[Records contained in a dataset]
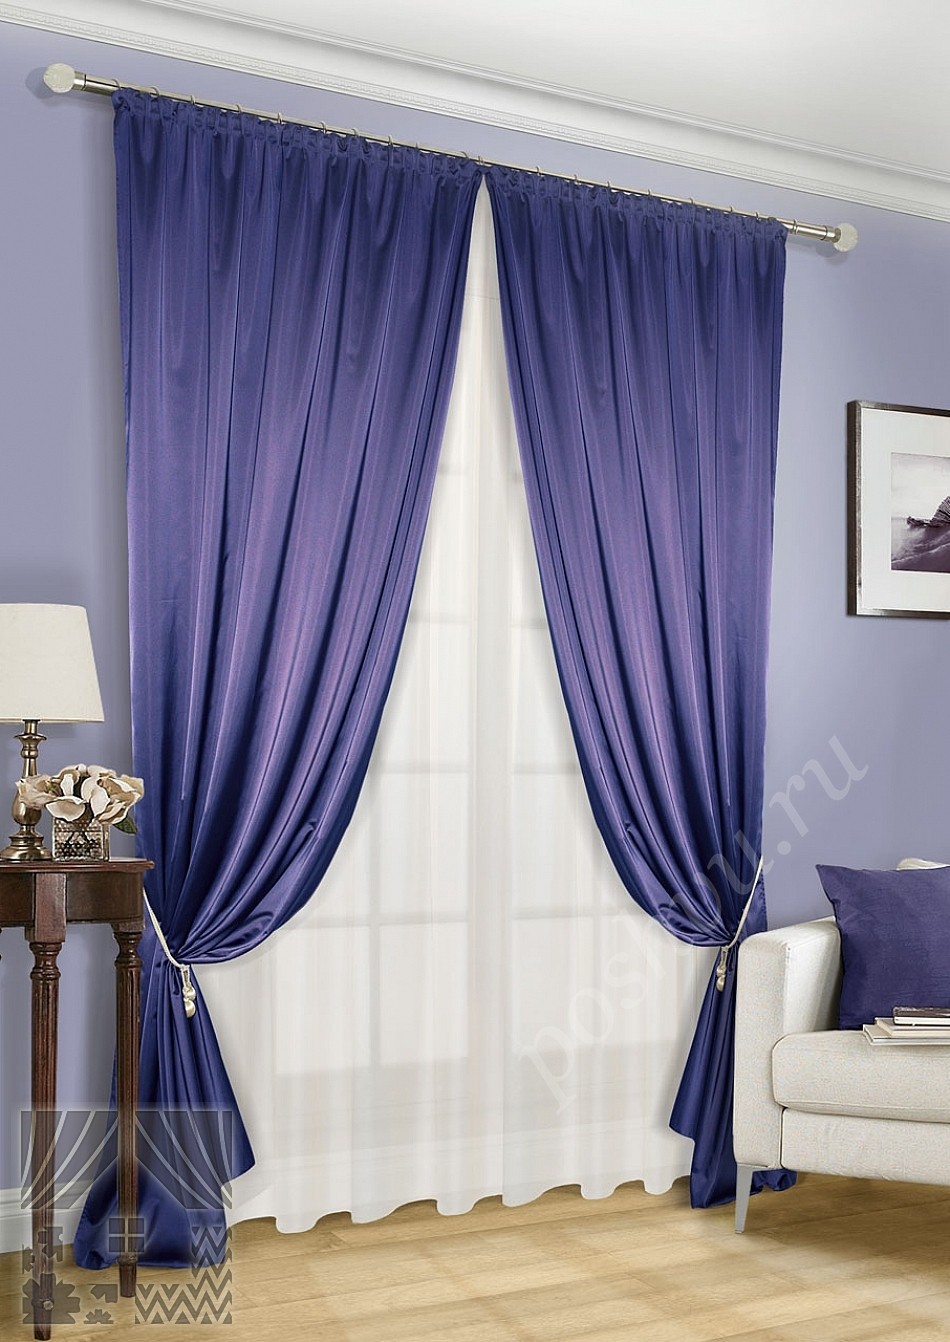 Роскошный комплект готовых штор синего цвета с тюлем в комплекте для гостиной или спальни
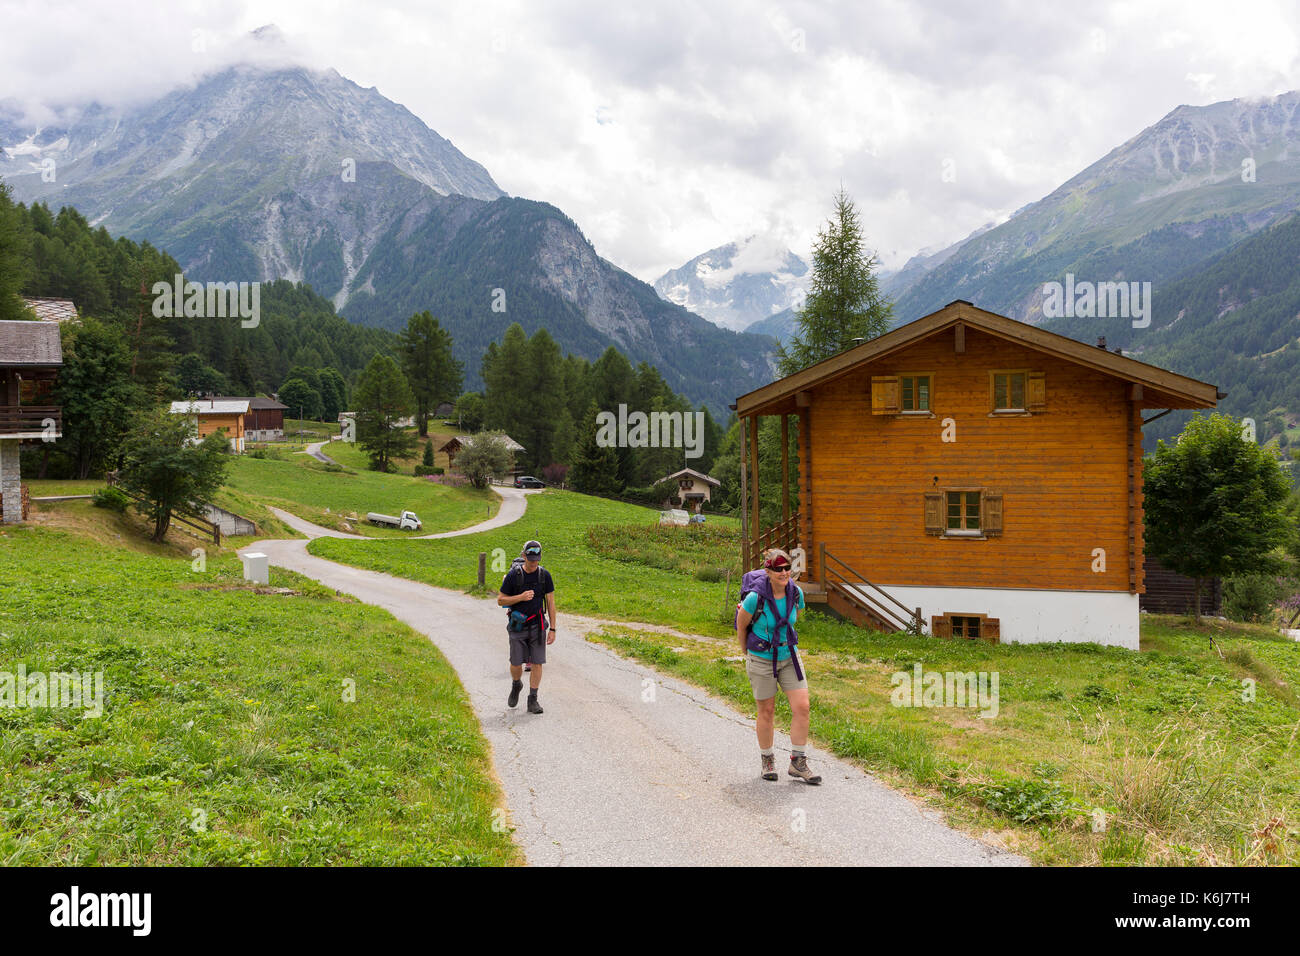 La salvia, Svizzera - escursionisti sulla strada nel villaggio svizzero di la salvia, nelle alpi Pennine. Foto Stock
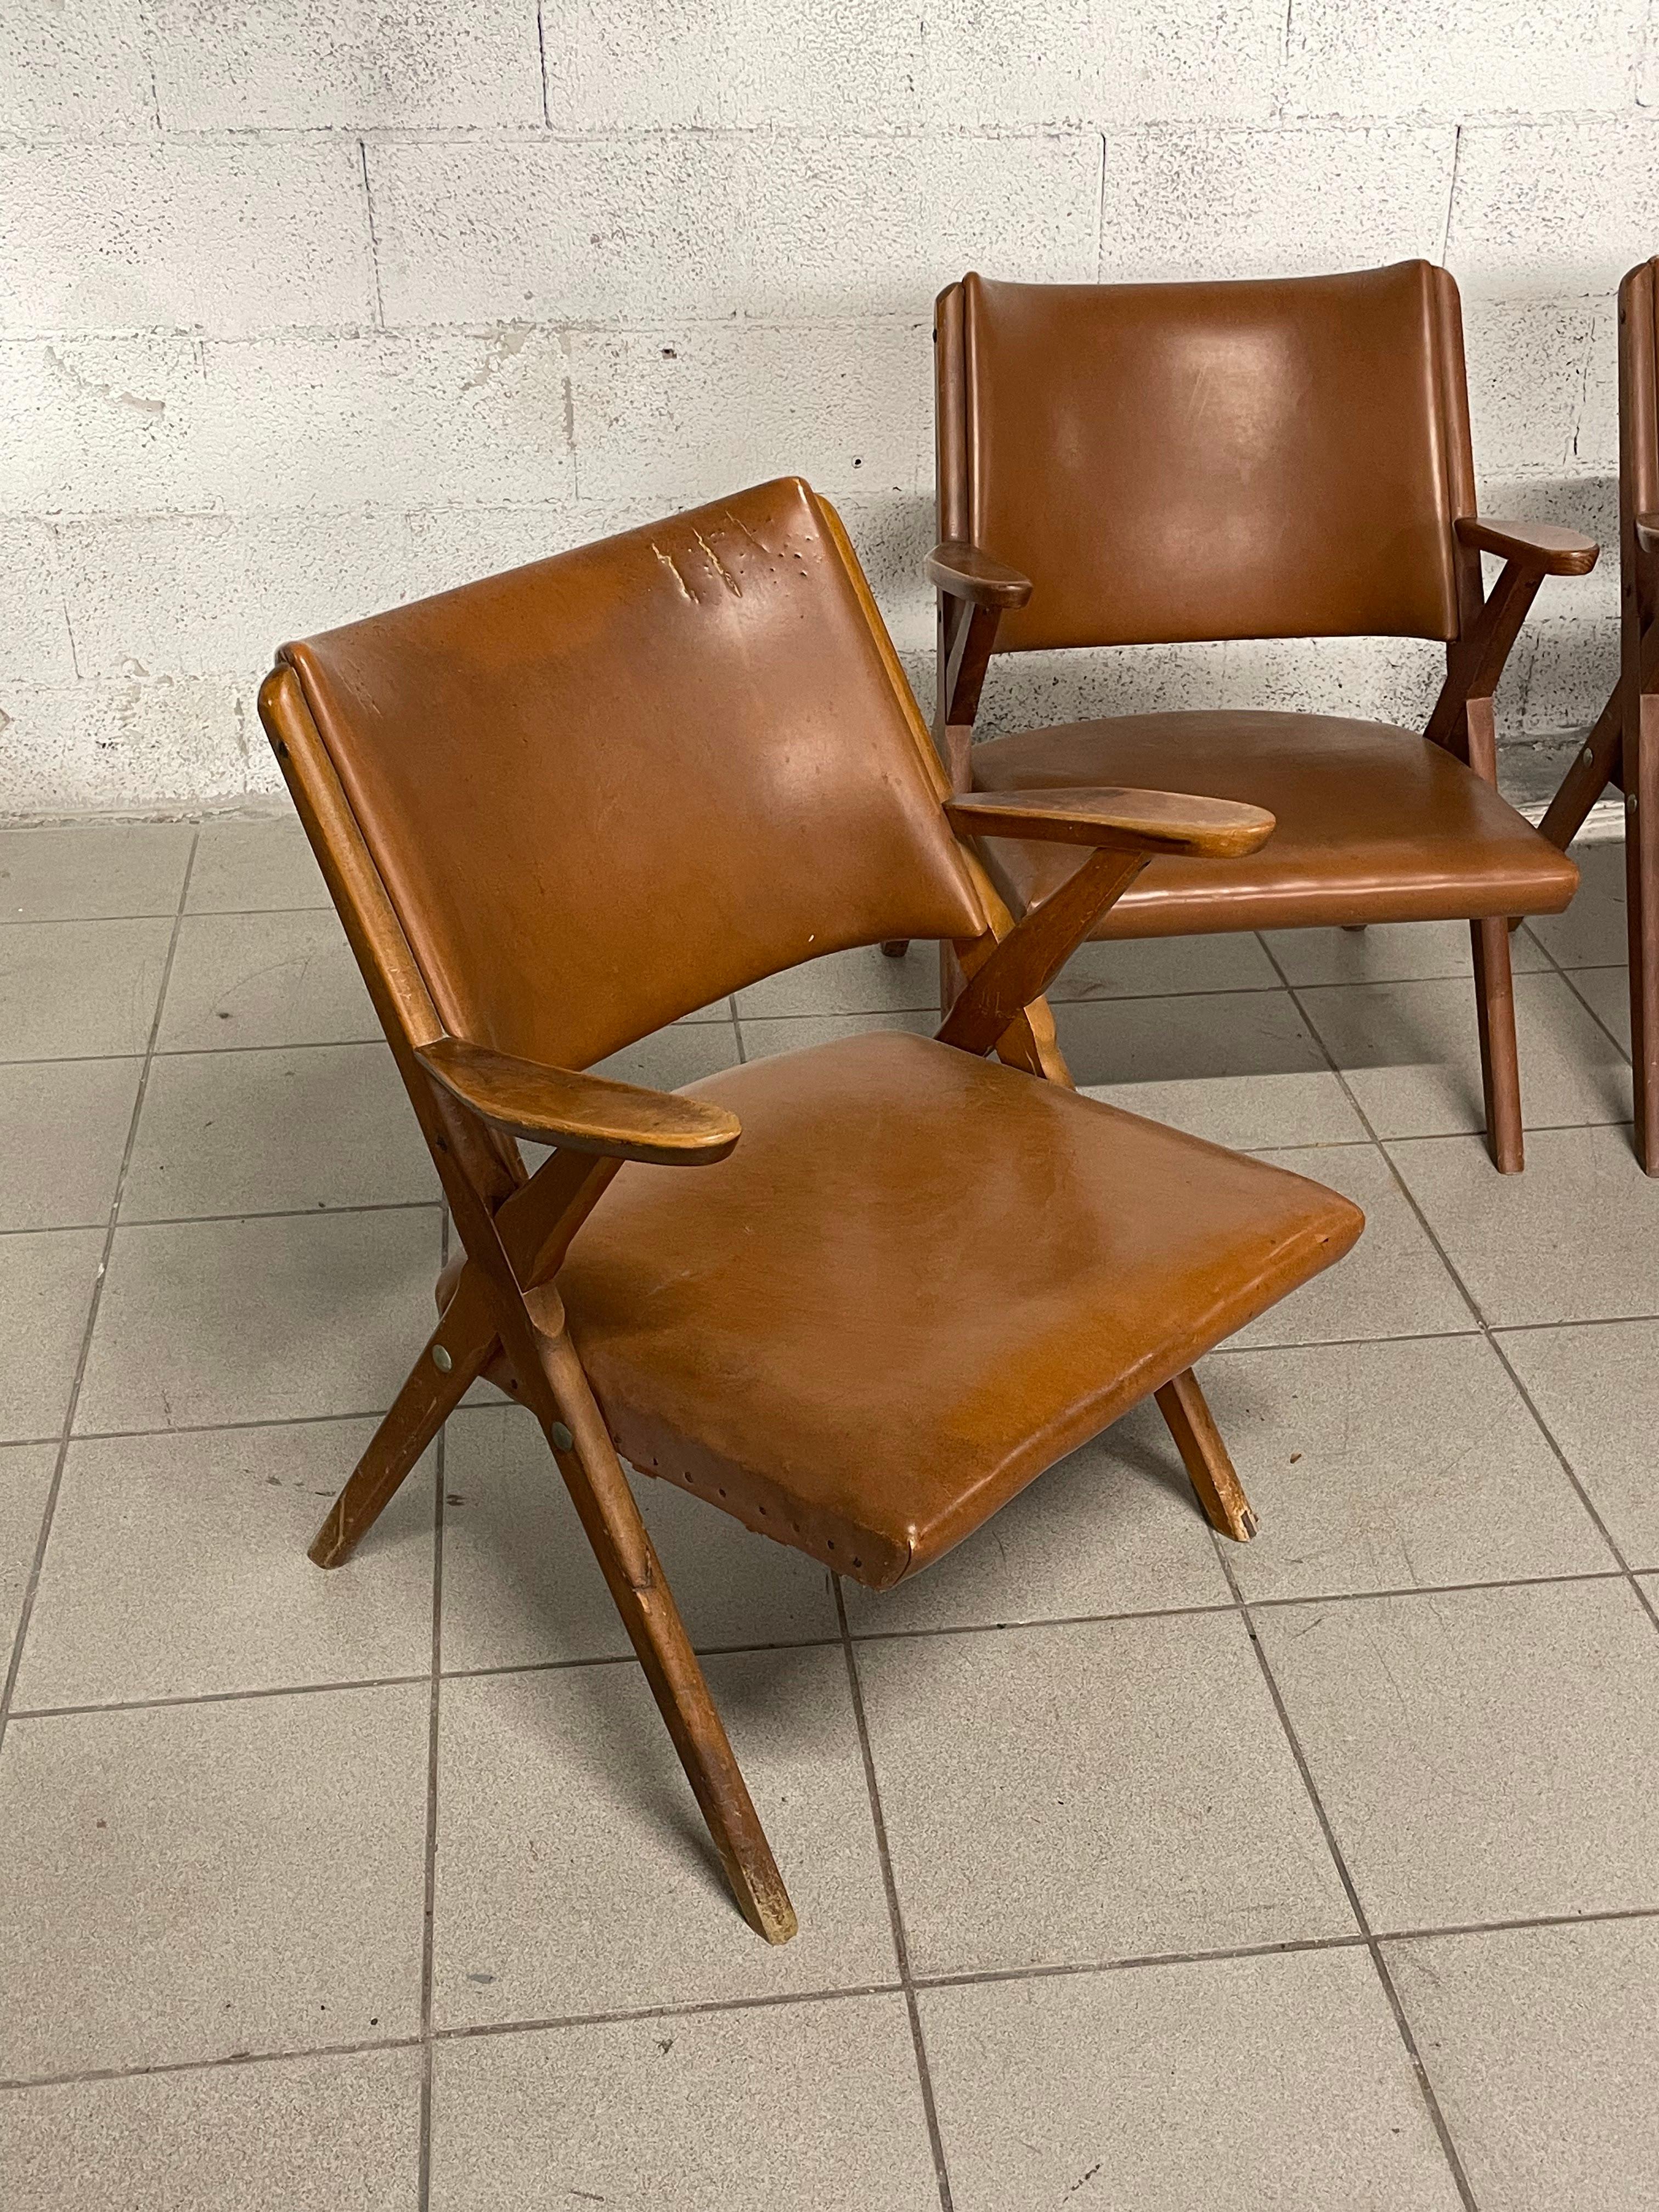 Ensemble de quatre fauteuils des années 1960 au design scandinave produits par l'usine historique de meubles DAL VERA à Conegliano Veneto (Italie) et conçus par Antonio Dal Vera lui-même.

Ils sont fabriqués en bois massif et recouverts de
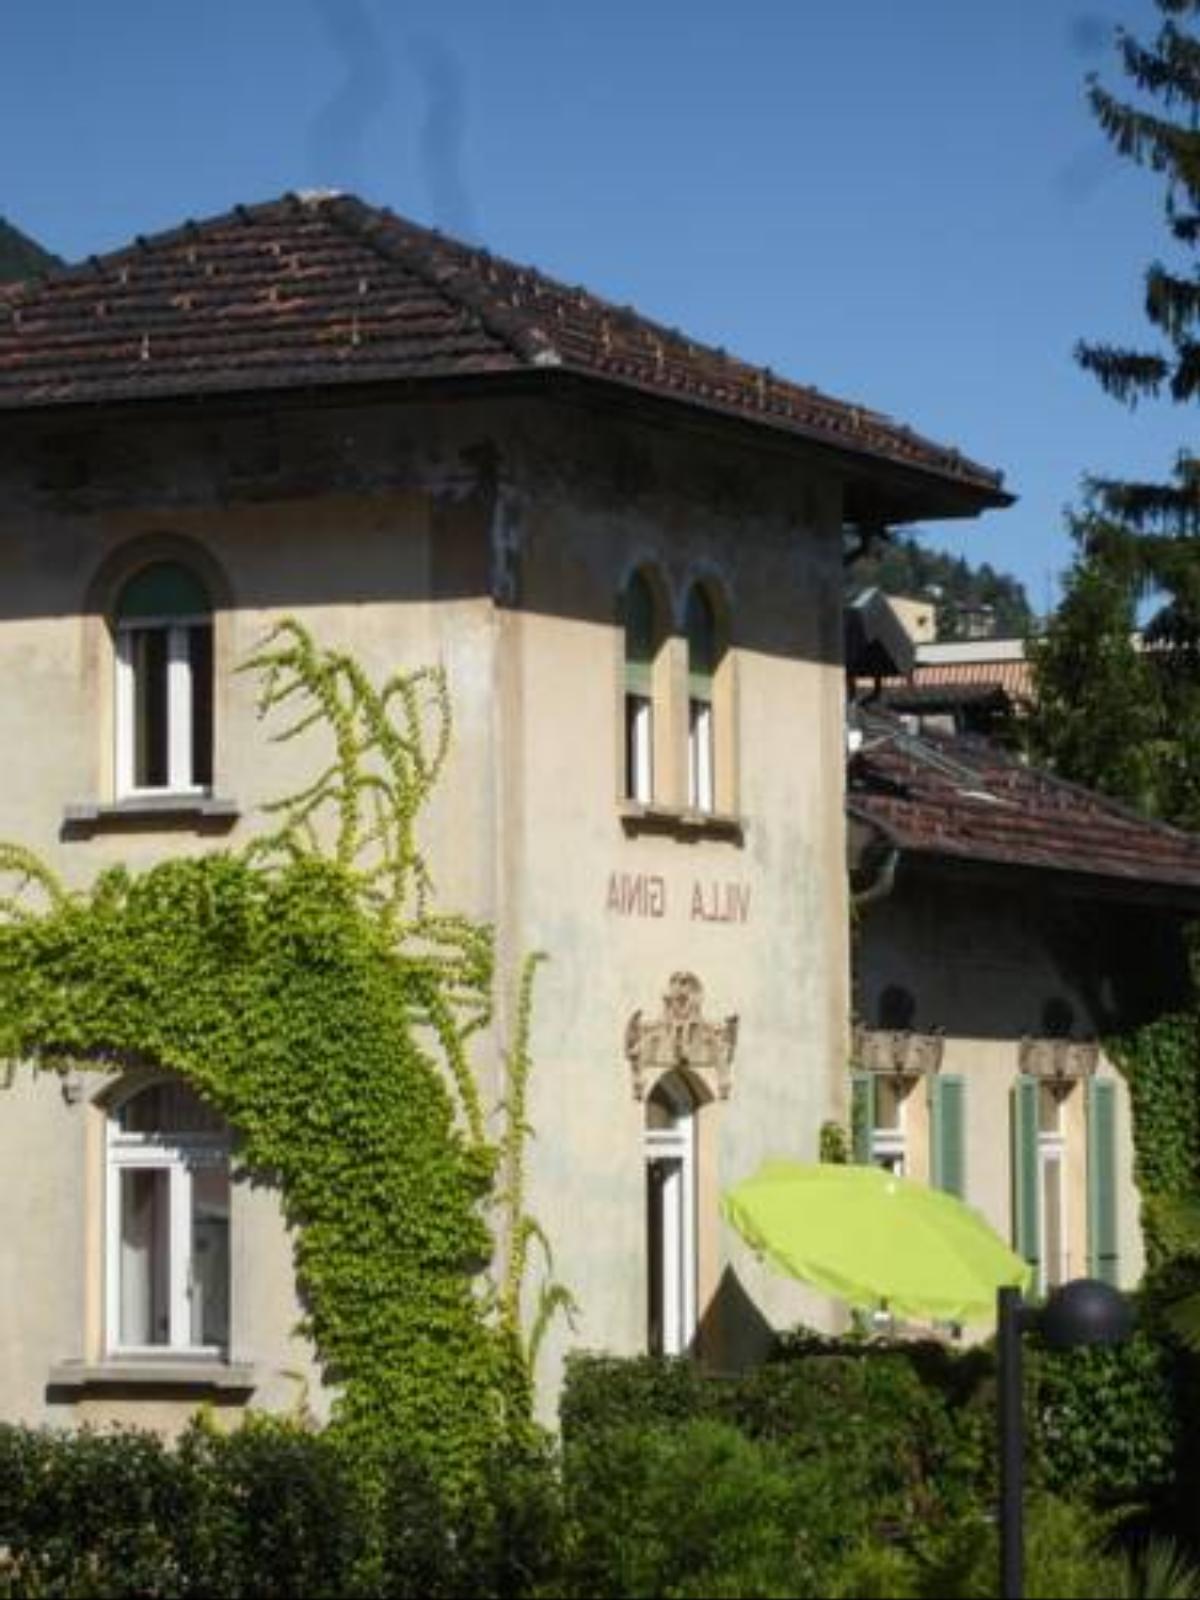 Villa Ginia Hotel Locarno Switzerland

:: Your instructions ::
Each entry above should be written out again exactly, without its pictures.

:: Problem solution ::
 Роскошный комплект готовых штор синего цвета с тюлем в комплекте для гостиной или спальни
 La salvia, Svizzera - escursionisti sulla strada nel villaggio svizzero di la salvia, nelle alpi Pennine. Foto Stock
 Ensemble de quatre fauteuils des années 1960 au design scandinave produits par l'usine historique de meubles DAL VERA à Conegliano Veneto (Italie) et conçus par Antonio Dal Vera lui-même.

Ils sont fabriqués en bois massif et recouverts de
 Villa Ginia Hotel Locarno Switzerland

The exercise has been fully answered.